Most of my bits, 3/8" and smaller are 1/4" shank..... 3/4" and larger are 1/2" shank and from 3/8 to 3/4 are either, depending on usage. I have several duplicate bits in that range that mainly differ in shank size. :smile:


----------



## Marine04 (Sep 4, 2013)

Thanks for the quality chart! Will definitely make sure to pay the extra cash for the bits that require a lot of precision to keep appearances up in my projects. 

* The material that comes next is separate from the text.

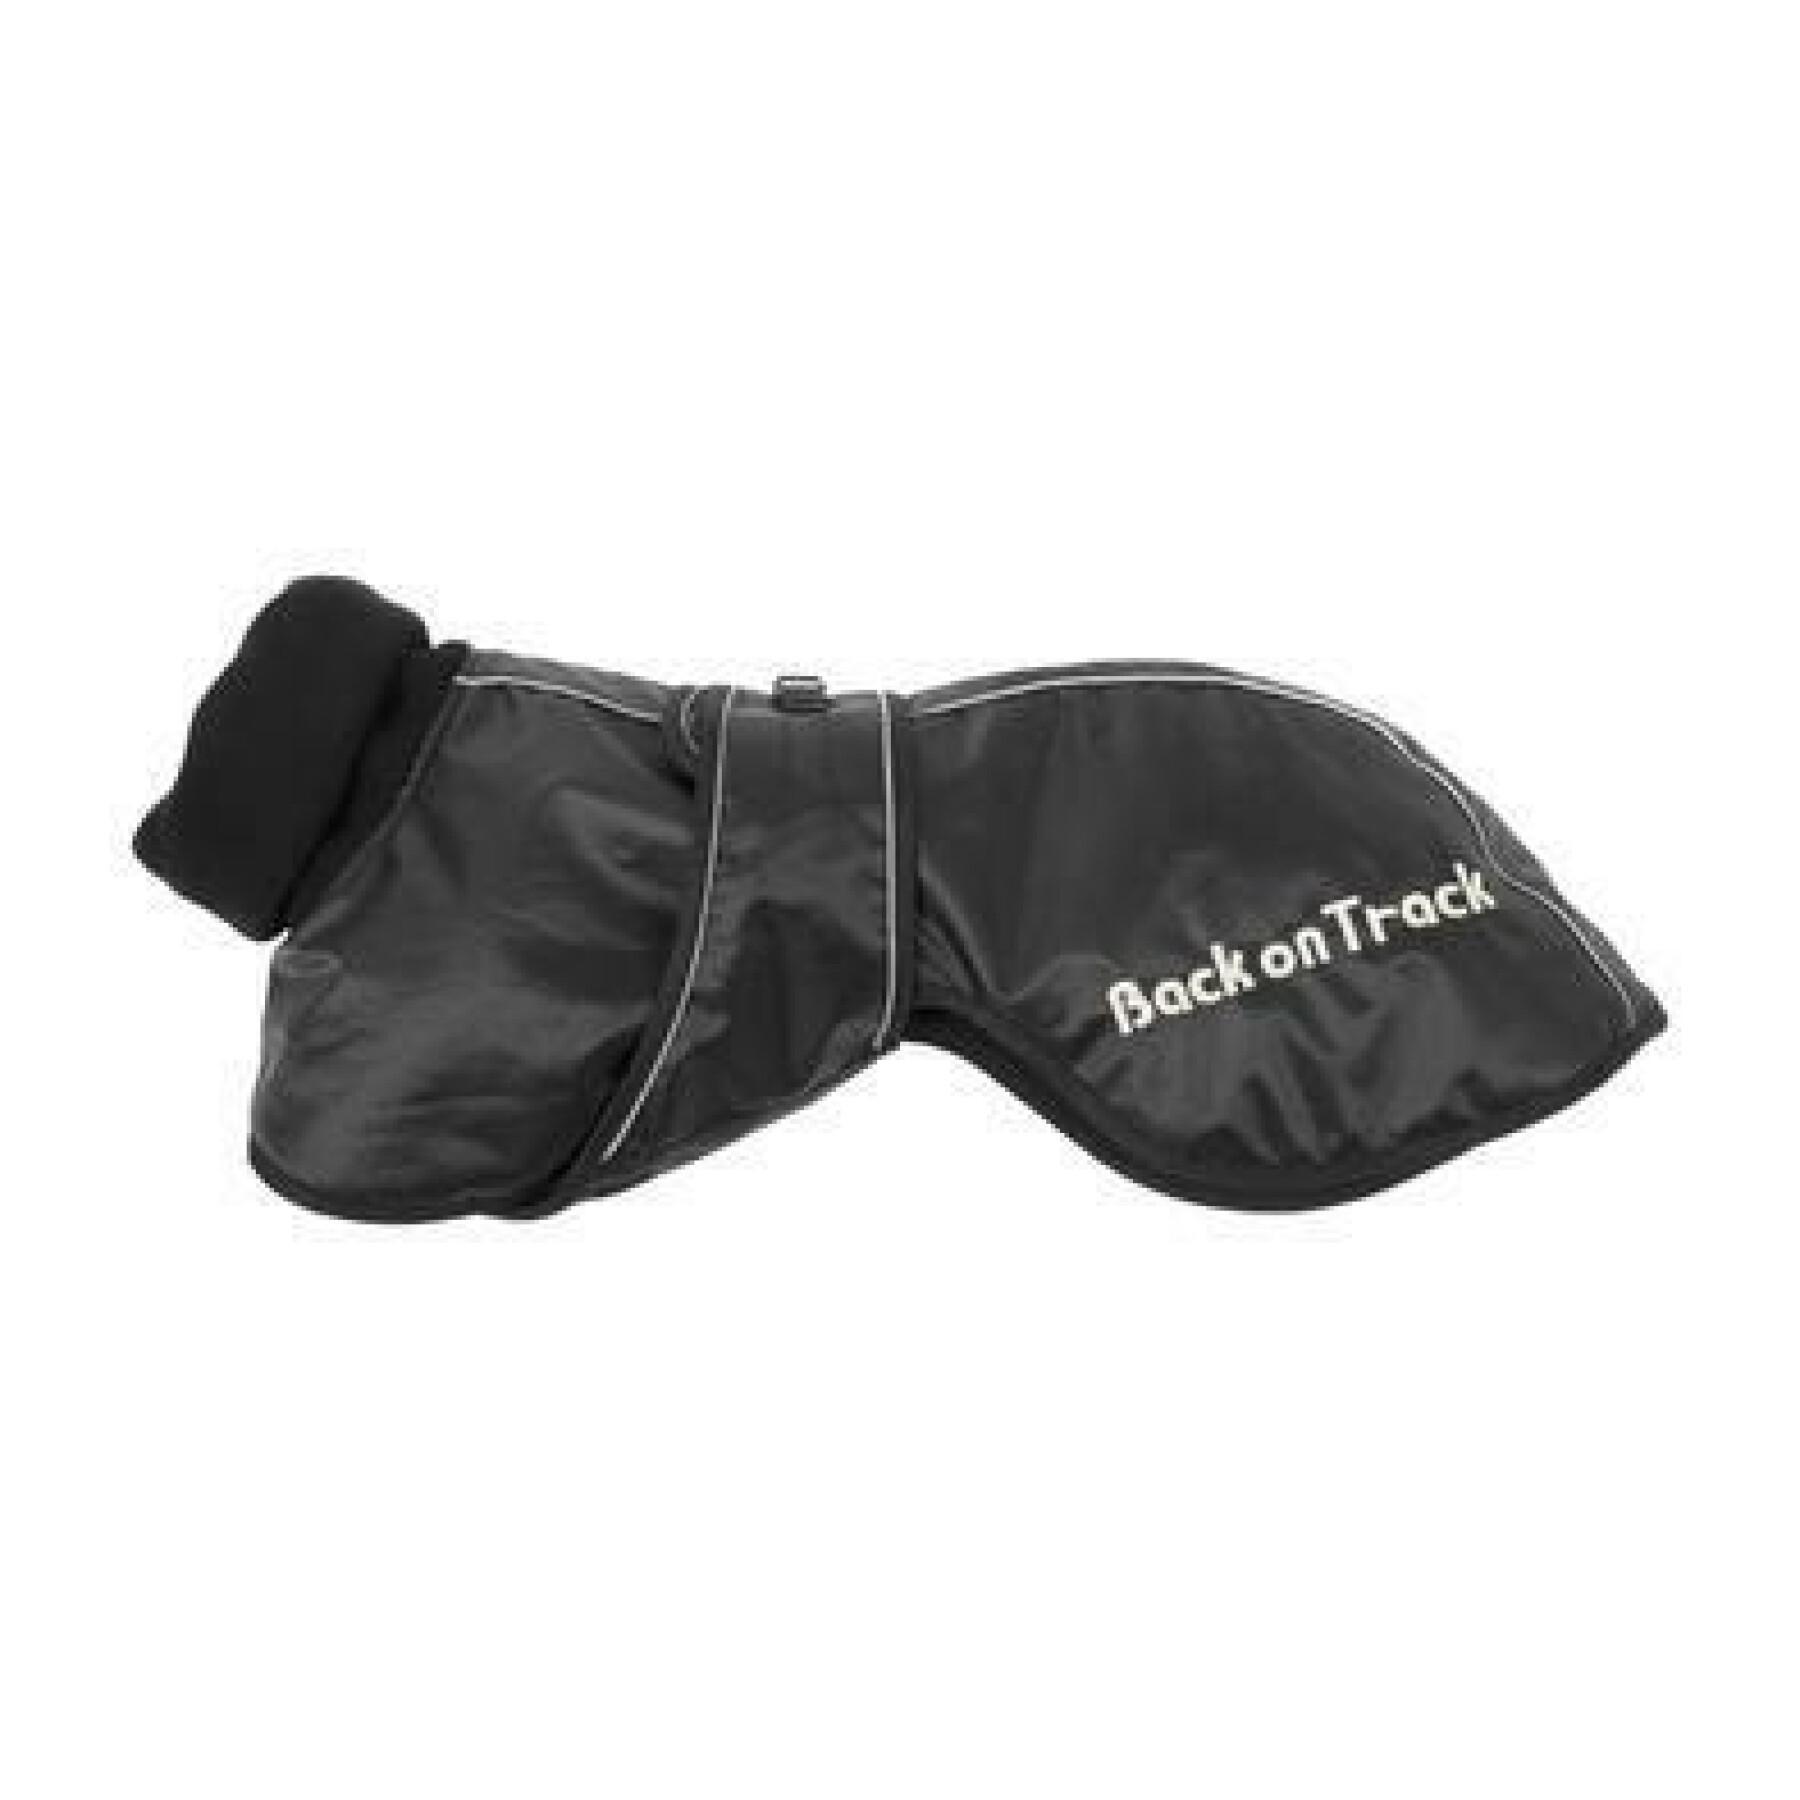 Cappottino per cani Back on Track whippet 30 cm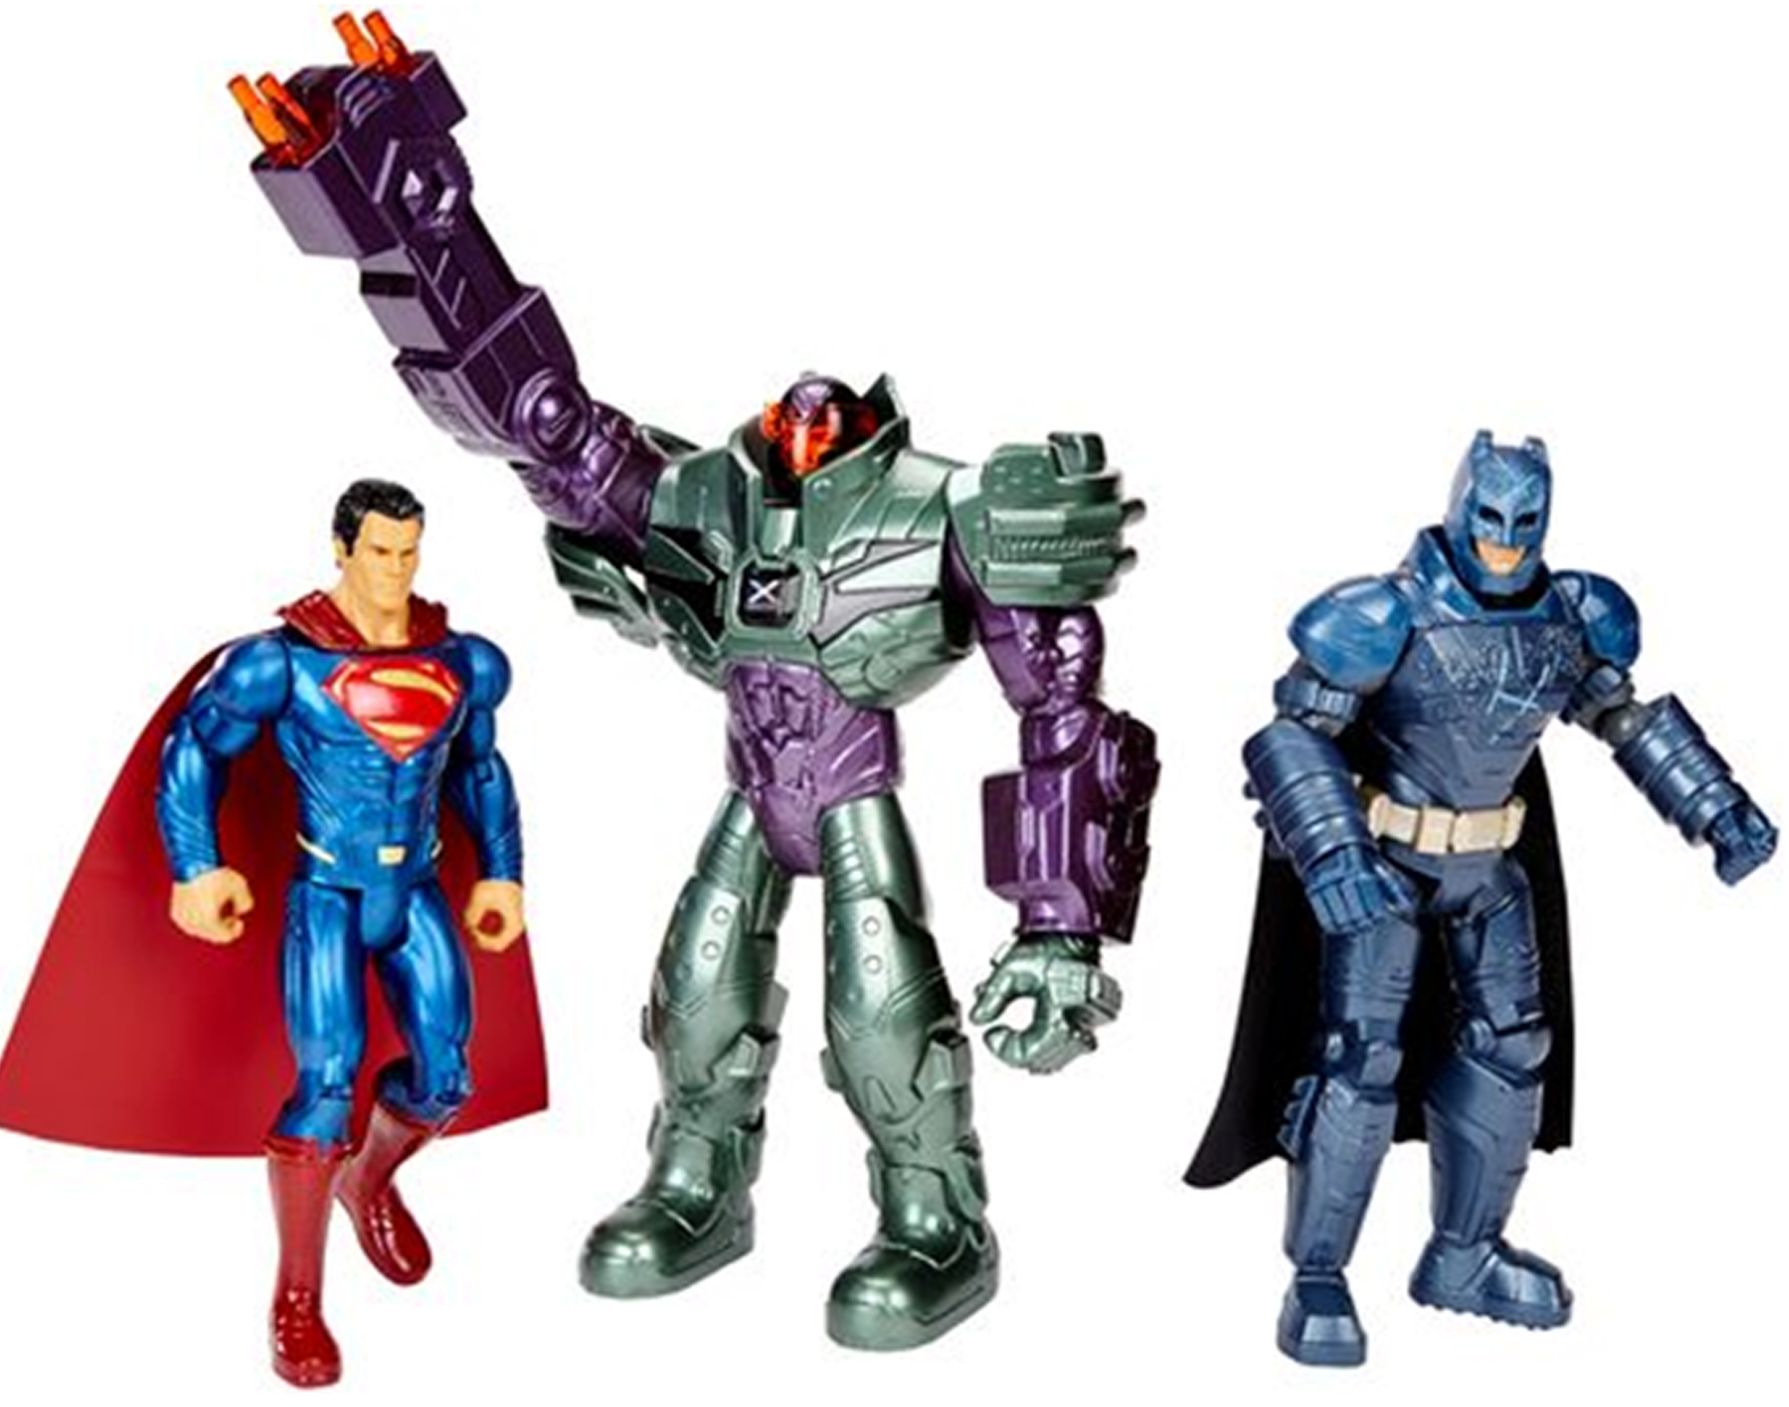 Superman, Batman, & Lex Luthor Action Figure 3 Pack: 6" authentic movie inspired figures with multiple points of articulation. SRP $24.99

I did see an online chart that showed a diameter and shank size. It pretty much showed anything under 1" diameter could use a 1/4 shank anything larger should use 1/2 and had a chart to know what speed to turn the bits at. Unfortunately my router only has one speed which is 25,000rpm so in pretty much limited to bits under 1" in diameter. I do plan to move up to a porter cable router with variable speeds and a 1/2 collet eventually. I want to try to keep all of my bits at 1/2 shank so if I get a router with only a 1/2 collet I won't have to buy an adapter or whatever. Just makes things simpler for me and a lot of specialty bits and sets only are available in 1/2 so might as well get 1/2 everything and a 1/2 router. I don't mind the extra cost because I will be using the bits and router daily and if rather pay for quality and not have to replace anything for years than go cheap and have to replace every 6-12 months. When I first got into electrical work my dad who is a lineman always told me pay the extra money for Kline hand tools and dewalt cordless power tools. It was great advice because I never had to replace a tool due to breaking or underperforming while I saw some other guys replacing their stuff constantly because they bought ryobi or some of the cheaper tools. For me it just makes sense to pay the extra 5-10 bucks on a bit and not have to replace it than buy the same bit multiple times throughout my lifetime. 

As always you guys give great advice and great information! One of my best and most reliable tools I have for woodworking is this app and being able to get all of your advice ;-)


----------